Send back the data below exactly. Drop every picture.

● **Dataset excerpt**
+===+

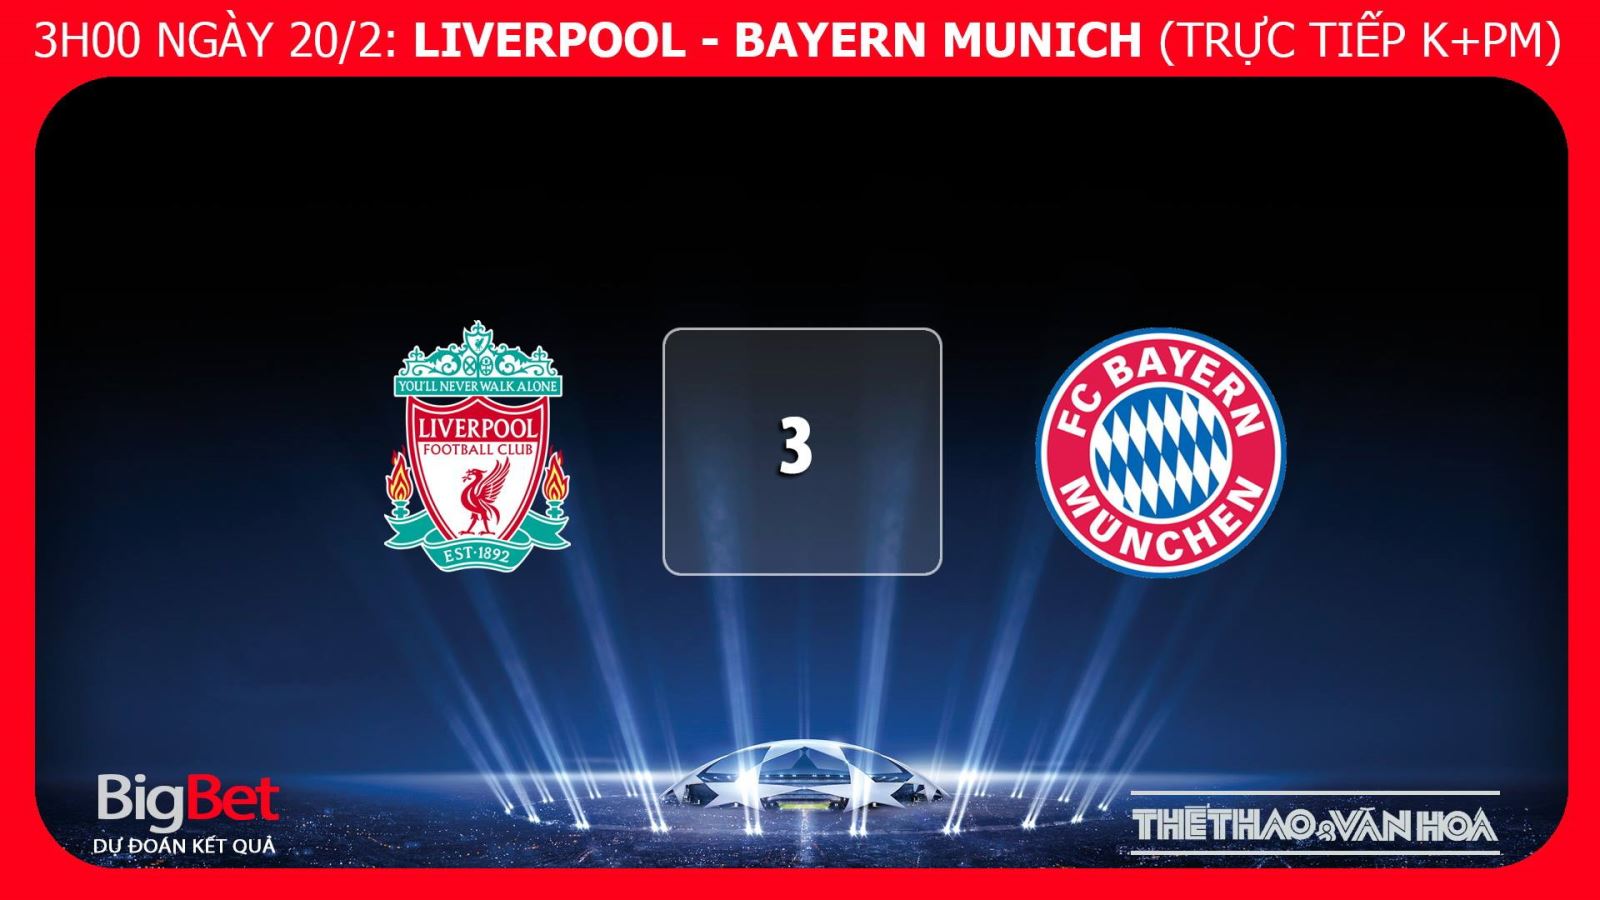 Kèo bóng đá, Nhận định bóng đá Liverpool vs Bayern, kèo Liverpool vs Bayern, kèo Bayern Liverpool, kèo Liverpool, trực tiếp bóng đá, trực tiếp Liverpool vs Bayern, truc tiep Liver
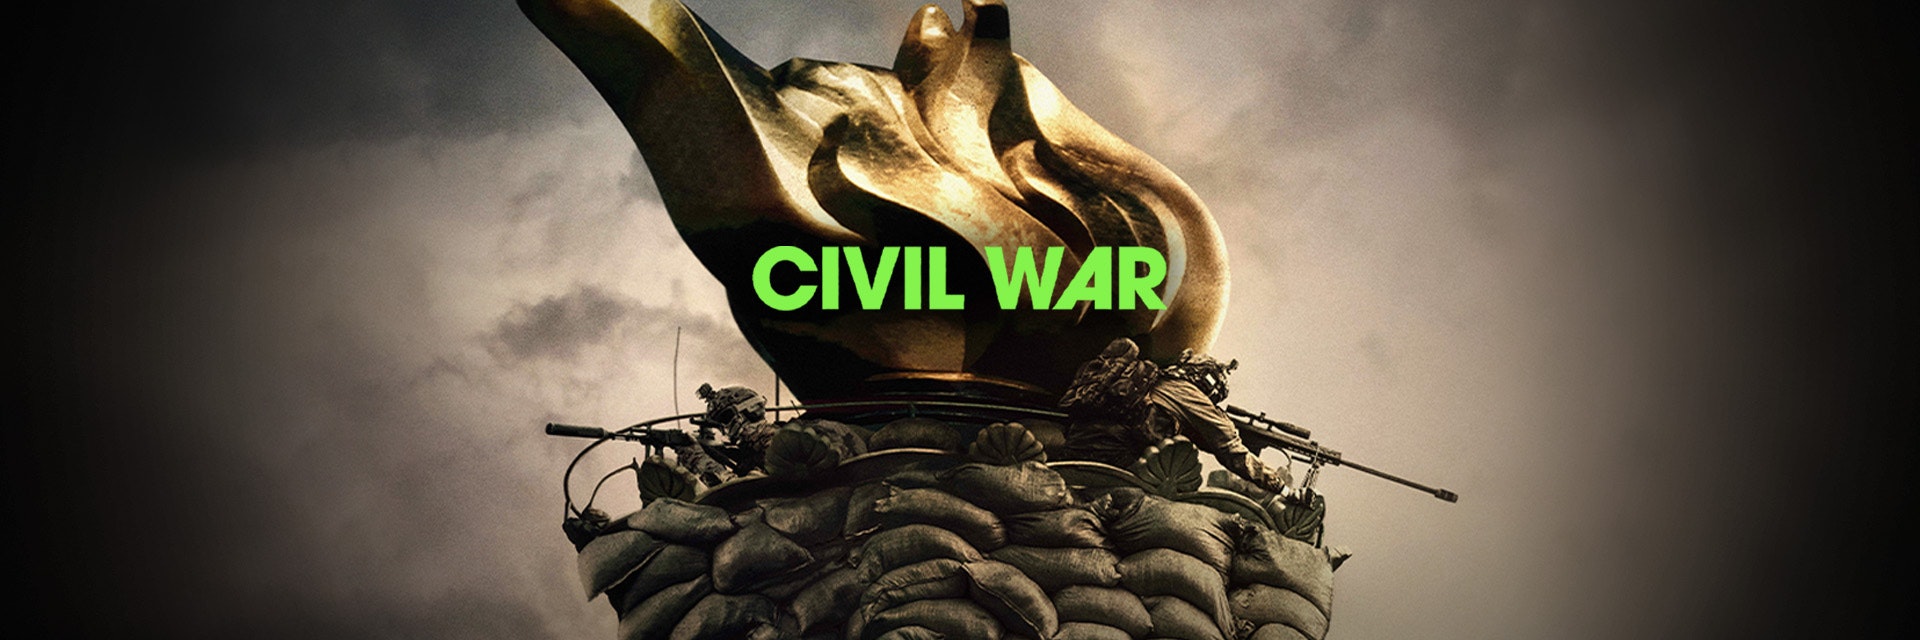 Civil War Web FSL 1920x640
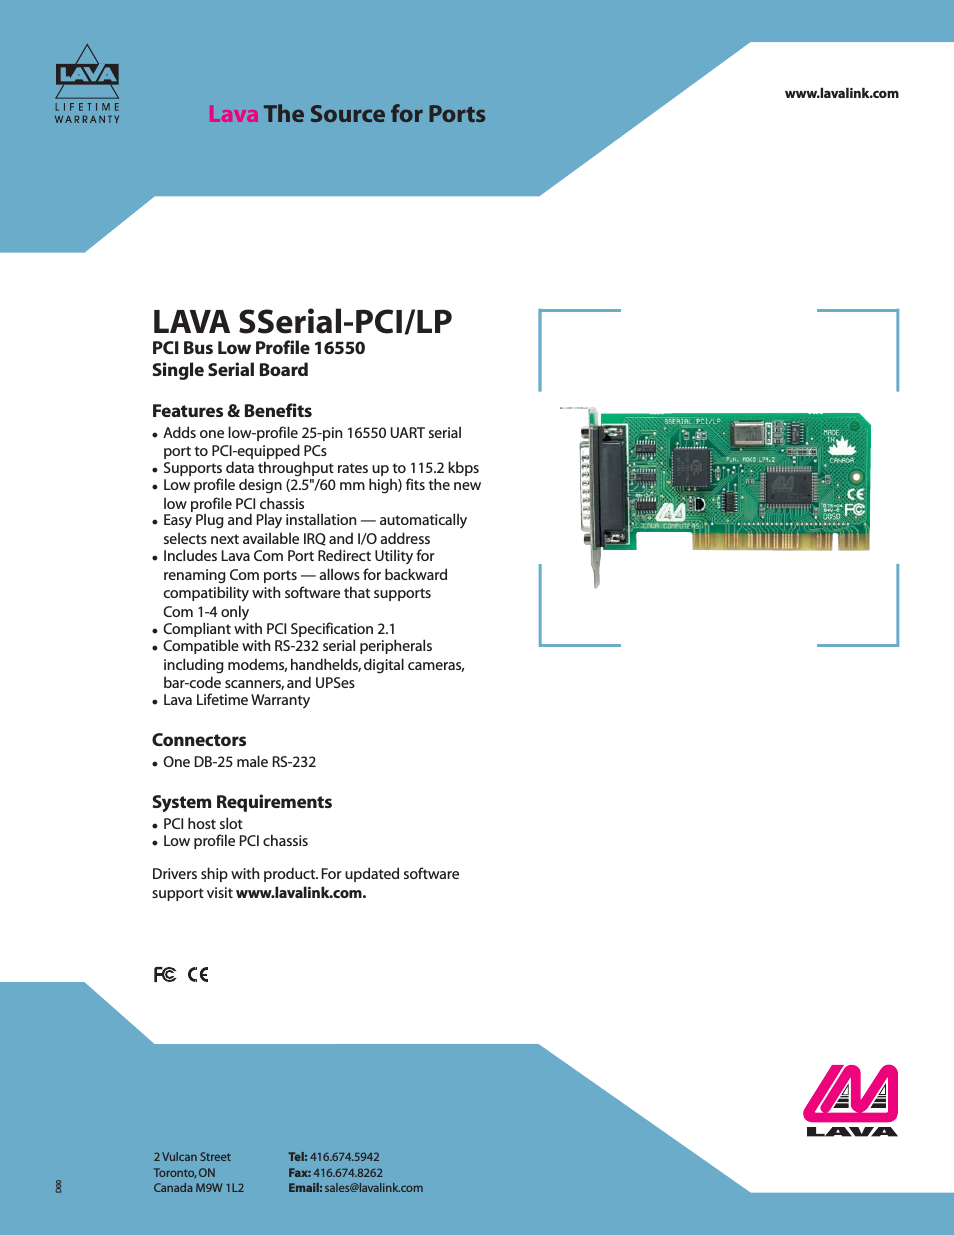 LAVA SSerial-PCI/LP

+===+

● **Response below**
 Kèo bóng đá, Nhận định bóng đá Liverpool vs Bayern, kèo Liverpool vs Bayern, kèo Bayern Liverpool, kèo Liverpool, trực tiếp bóng đá, trực tiếp Liverpool vs Bayern, truc tiep Liver
 Civil War Web FSL 1920x640
 LAVA SSerial-PCI/LP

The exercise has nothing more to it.